### WHAT YOU HAVE TO DO
In your copy, include every line of the listing below exactly but none of the pictures.

### PROVIDED DATA
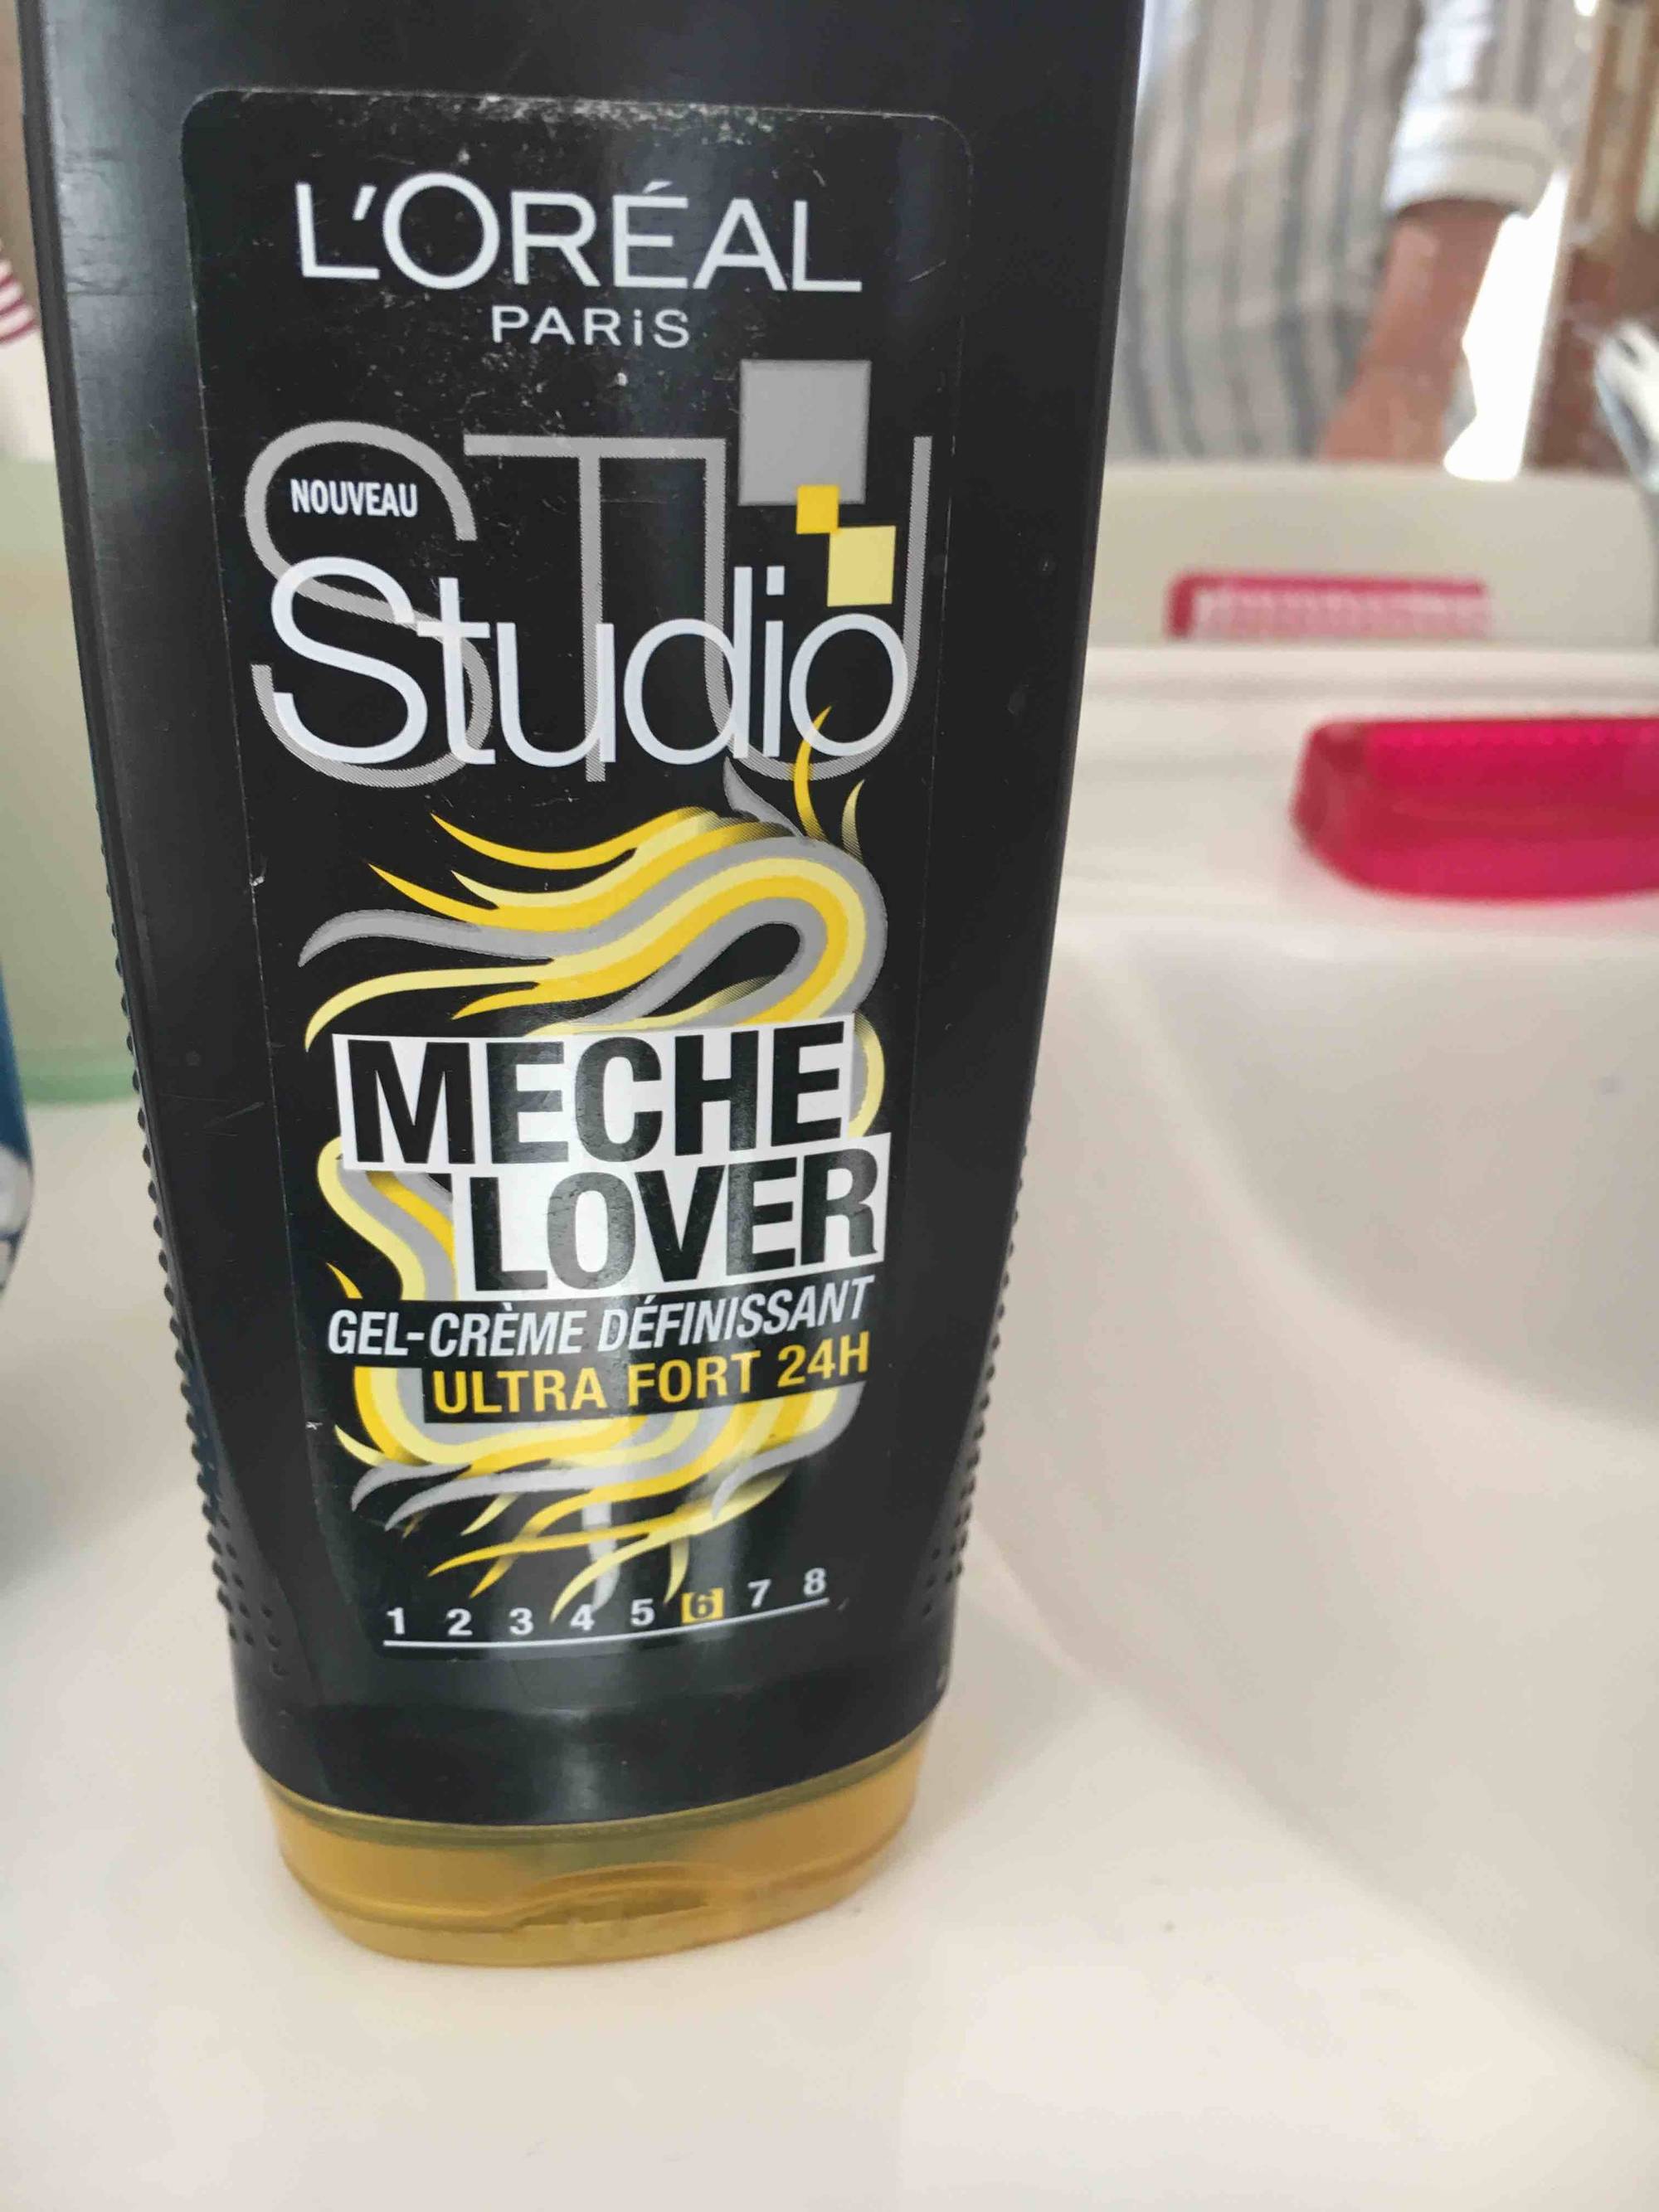 L'ORÉAL - Studio Mèche Lover - Gel-crème définissant
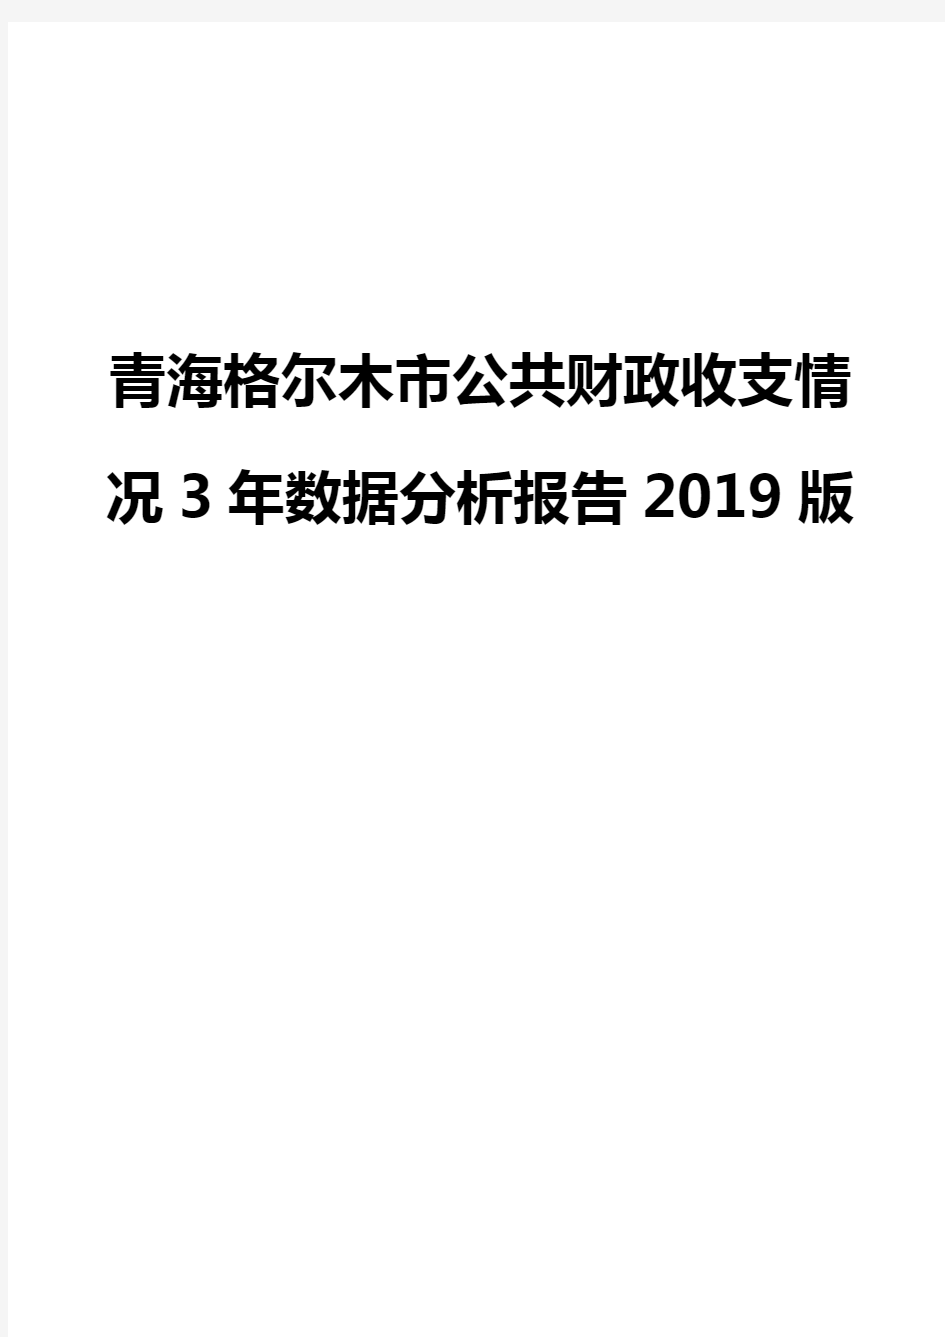 青海格尔木市公共财政收支情况3年数据分析报告2019版
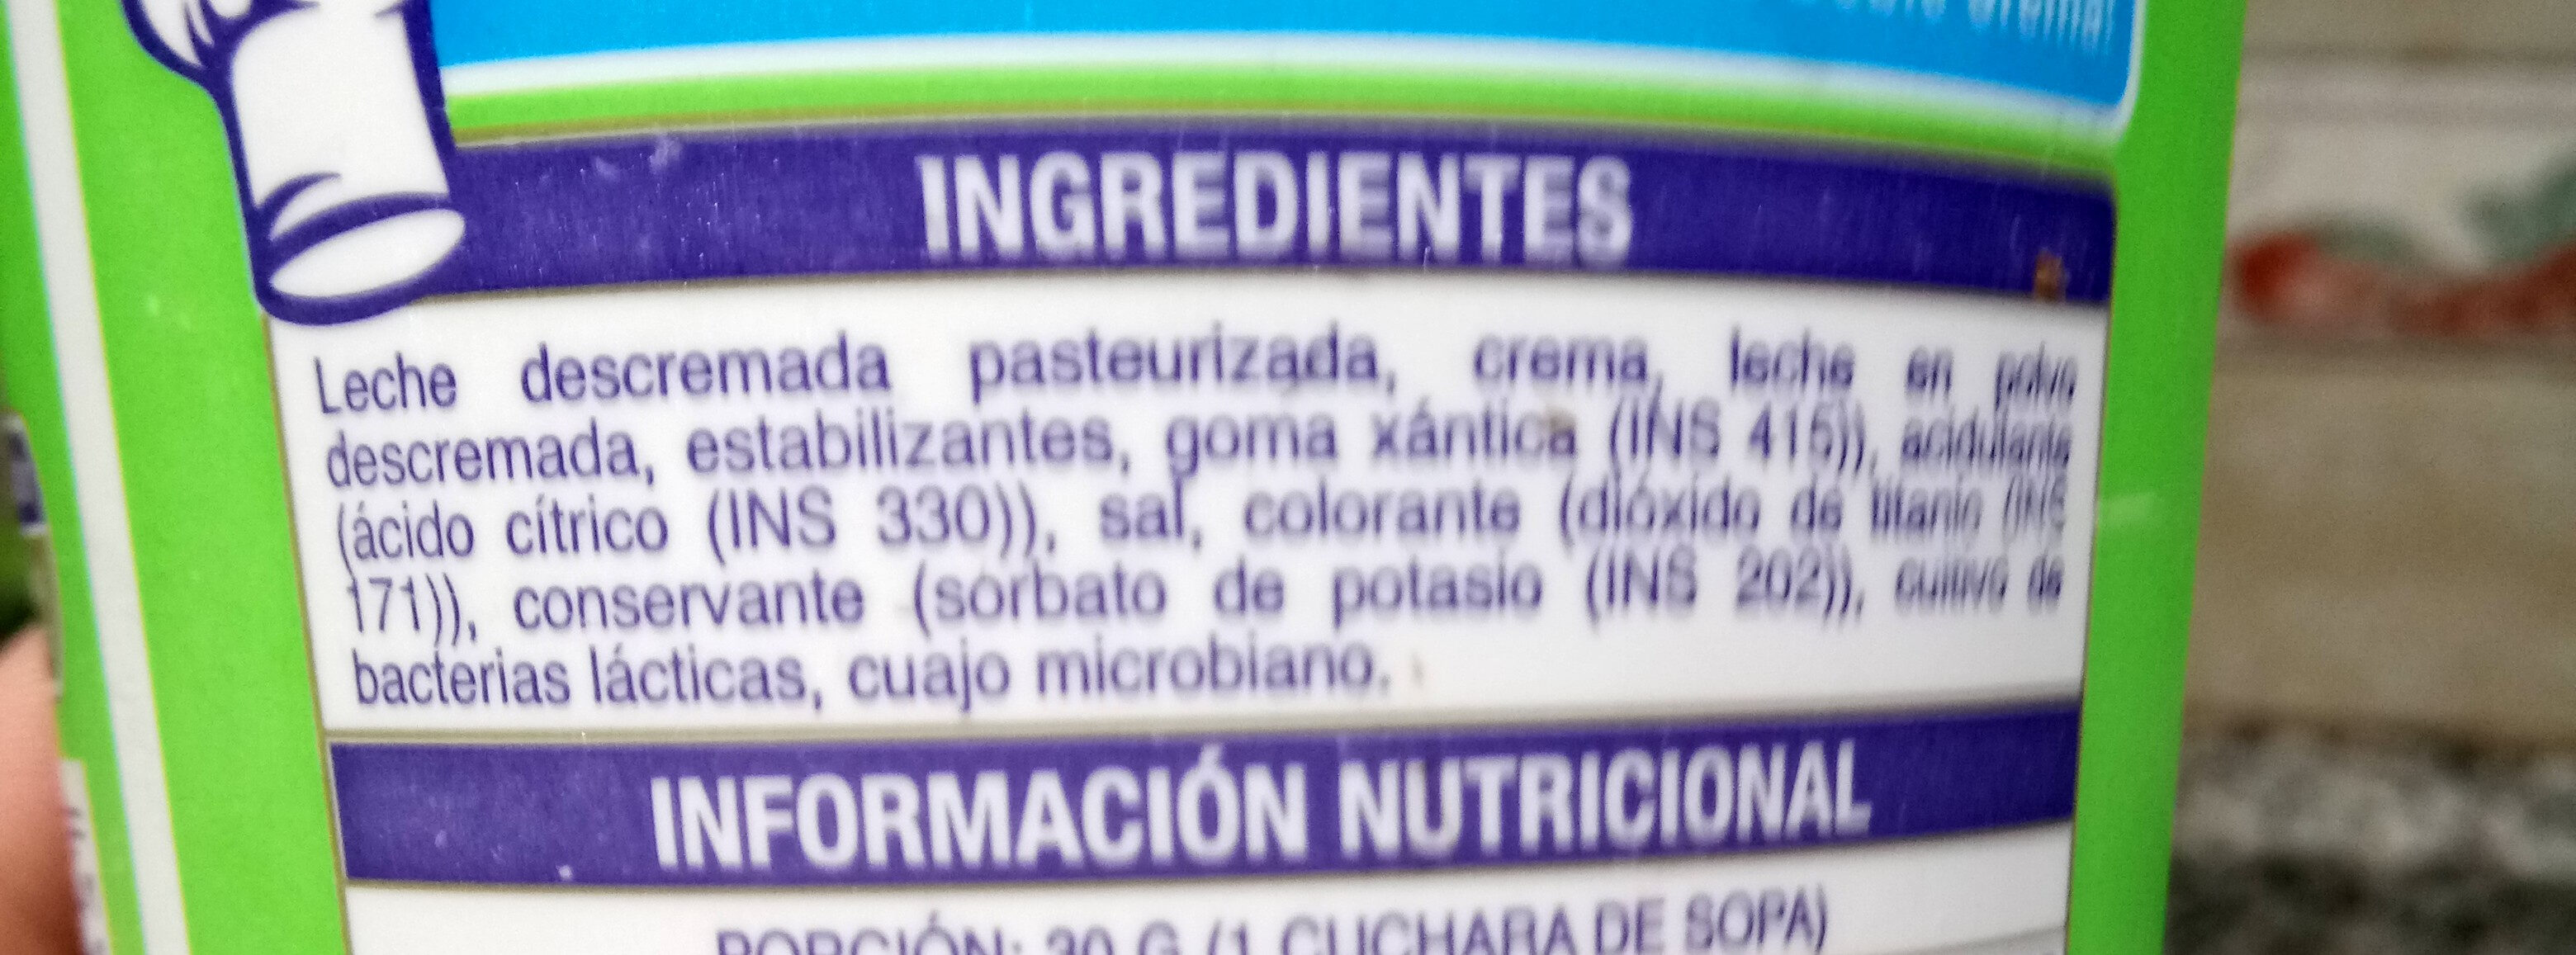 Queso crema light La Paulina - Ingredients - es

### SOLVED EXERCISE
 L'ORÉAL - Studio Mèche Lover - Gel-crème définissant
 青海格尔木市公共财政收支情况3年数据分析报告2019版
 Queso crema light La Paulina - Ingredients - es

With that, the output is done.